#### Supplied data:
##############################

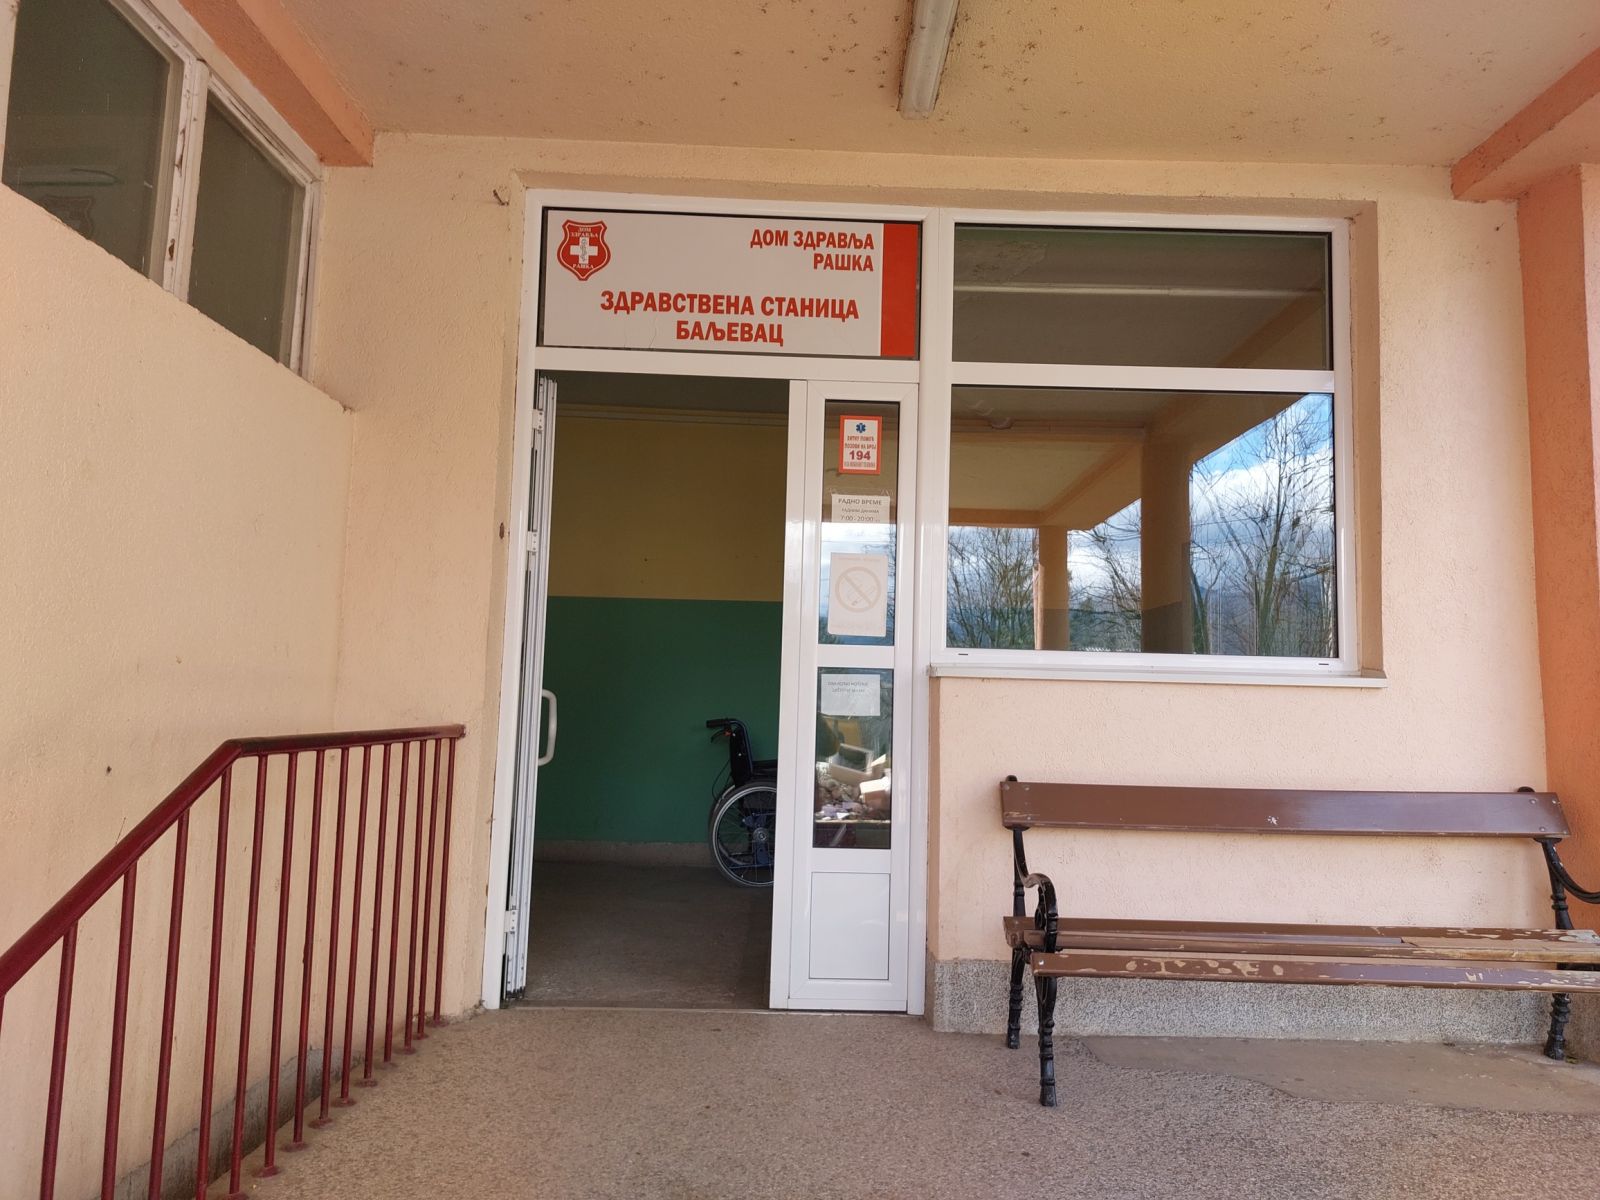 Improvement of health services in the municipality of Raška thanks to the EU support
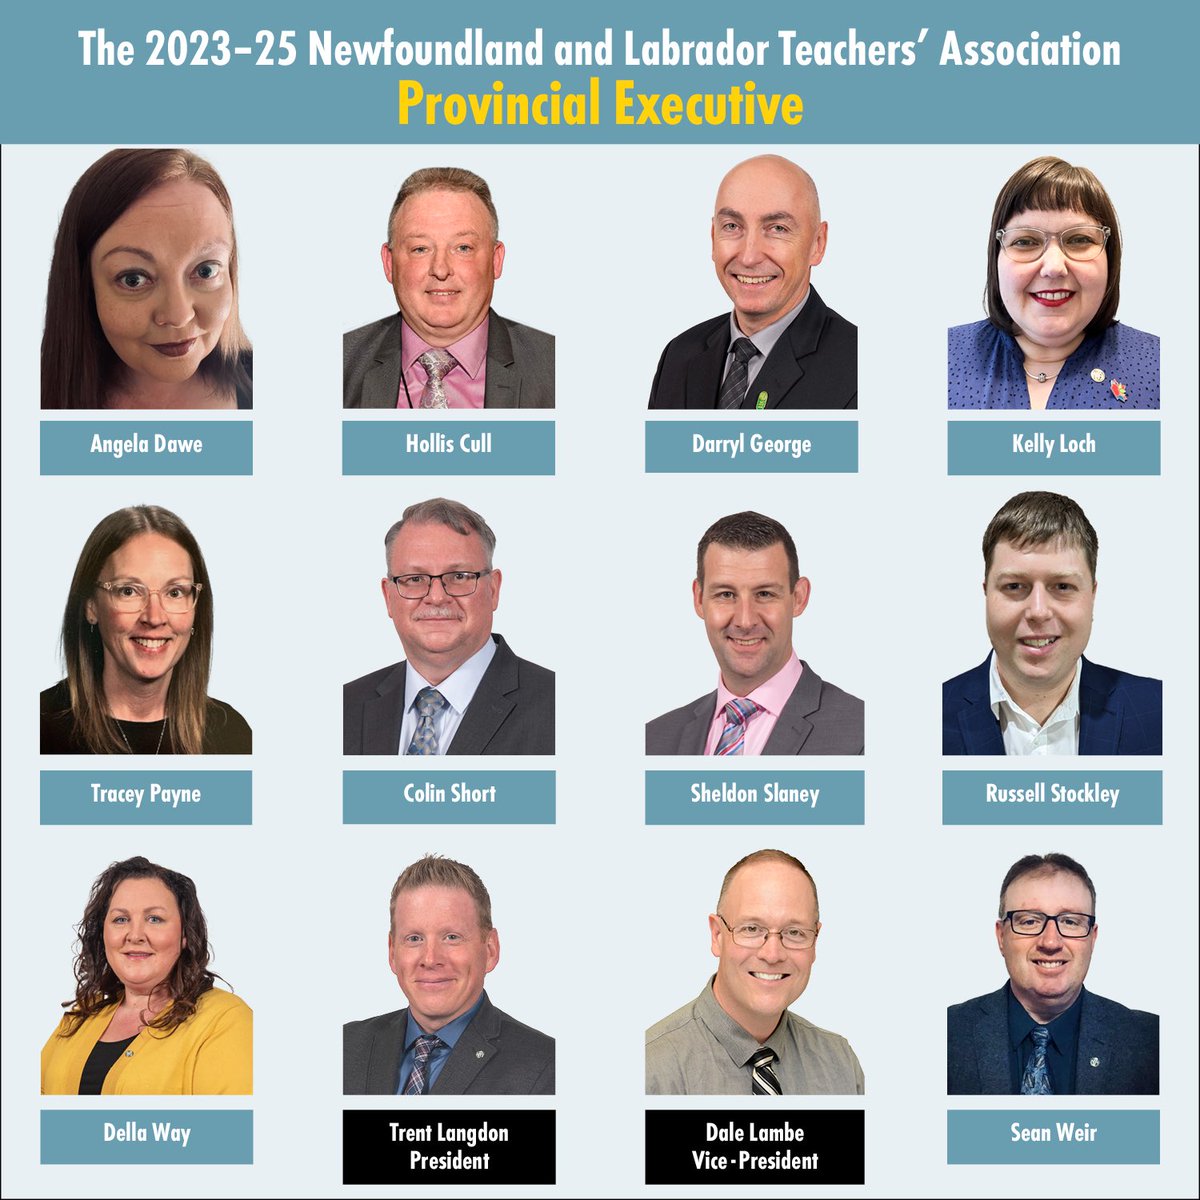 The 2023-25 @NLTeachersAssoc Provincial Executive has been elected by #NLTABGM23 More info can be found here ➡️ bit.ly/3UwR5qG

#CollectiveStrength 
#CollectiveAction

##############################

#### What the task requires:
Copy out each line of the data exactly as it reads; skip the pictures.

#### Exercise answer:
 Improvement of health services in the municipality of Raška thanks to the EU support
 The 2023-25 @NLTeachersAssoc Provincial Executive has been elected by #NLTABGM23 More info can be found here ➡️ bit.ly/3UwR5qG

#CollectiveStrength 
#CollectiveAction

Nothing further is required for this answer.